The IoTEdgeModuleHA object requires a ModuleClient (or DeviceClient) for initialization and can optionally be passed the following parameters to fine tune the CPU usage and recover time. These parameters can either be provided when creating the IoTEdgeModuleHA object or passed as a desired property in the module TWIN.
Parameter | Type (Default) | Notes |
---|---|---|
udpPort | Integer (60000) | This is the UDP port that the EdgeModuleHA sends and receives messages. NOTE: the IoT Edge Module, via a creationOption, needs to be configured where the host listens on this port on behalf of the module. |
broadcastSubnet | String (“192.168.15.0”) | Because the IoT Edge Module runs in a container on a different network, EdgeModuleHA needs to know the external network that other IoT Edge systems are running on. This network is assumed to be a 24 bit network. |
probeIntervalMS | Integer (200) | How often in milliseconds UDP packets are sent on the network. |
failedProbeCount | Integer (3) | The total number of missed probes at the probeIntervalMS duration until the Active host is considered down and an election is forced. |
Using the desired TWIN of the IoT Edge Module, the same parameter can be passed as shown below:
{
"properties": {
"desired": {
"IoTEdgeModuleHA": {
"probeIntervalMS": 1000,
"failedProbeCount": 3,
"udpPort": 2000,
"broadcastSubnet": "192.168.15.0"
},
},
"reported": {
}
},
"tags": {}
}
The following reported TWINs show the state of the IoTEdgeModuleHA. In addition to the desired properties there are 4 additional properties:
Property | Value | Notes |
---|---|---|
isActive | true or false | Indicates if this IoTEdgeModuleHA is in active state |
bootTimeEPOCH | Integer EPOCH | When the module started, used in election criteria |
lastElection | Date | When the last election happened |
Peers | Delimeted string | Shows all the peers by: IoTEdgeGatewayId | isActive | bootTimeEPOCH | lastSeen |
{
"properties": {
"desired": {
},
"reported": {
"IoTEdgeModuleHA": {
"isActive": false,
"bootTimeEPOCH": 1592424685,
"lastElection": "2020-06-17T19:07:27.1922825Z",
"peers": "node2|True|1592419489|06/17/2020 20:11:25;node1|False|1592424685|06/17/2020 20:11:26;",
"udpPort": 2000,
"broadcastSubnet": "192.168.15.0",
"probeIntervalMS": 1000,
"failedProbeCount": 3
}
}
},
"tags": {}
}
Adding the following createOptions will expose the UDP port when deploying:
"modules": {
"hamodule": {
"version": "1.0",
"type": "docker",
"status": "running",
"restartPolicy": "always",
"settings": {
"image": "${MODULES.hamodule}",
"createOptions": "{\"ExposedPorts\":{\"2000/udp\":{}},\"HostConfig\":{\"PortBindings\":{\"2000/udp\":[{\"HostPort\":\"2000\"}]}}}"
}
}
}
When a node fails to receive probes from the active host in failedProbeCount duration, it assumes the role of isActive and if other nodes are online will go into election mode.

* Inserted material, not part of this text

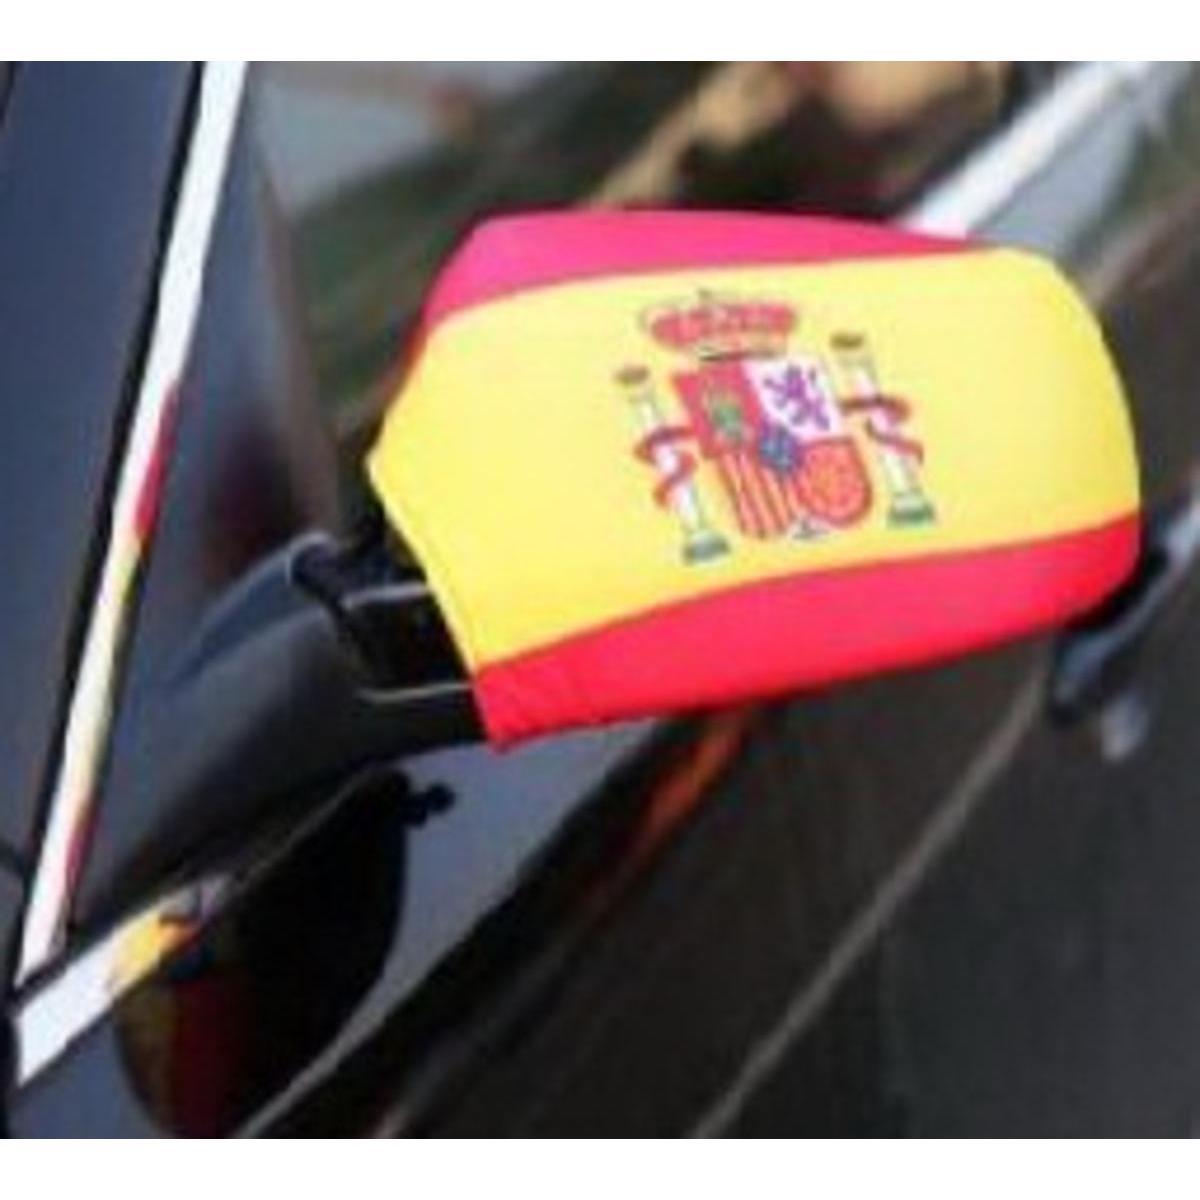 Housse de rétroviseur supporter de l'Espagne - L 25 x l 24 cm - Rouge, jaune

When one or more node claim to be “Active” and election is forced. This election is based on 1) the highest bootTimeEPOCH and if there is a tie in bootTimeEPOCH the gatewayDeviceID that is highest in the alphabet “a0001” wins over “b0001”.
Configuring the failedProbeCount too low can cause failovers to happen under CPU load. Testing and tuning should be considered based on need.
Shown below, either stopping or having a failure of a host or module can force an election in less than a second.
This project contains all source code.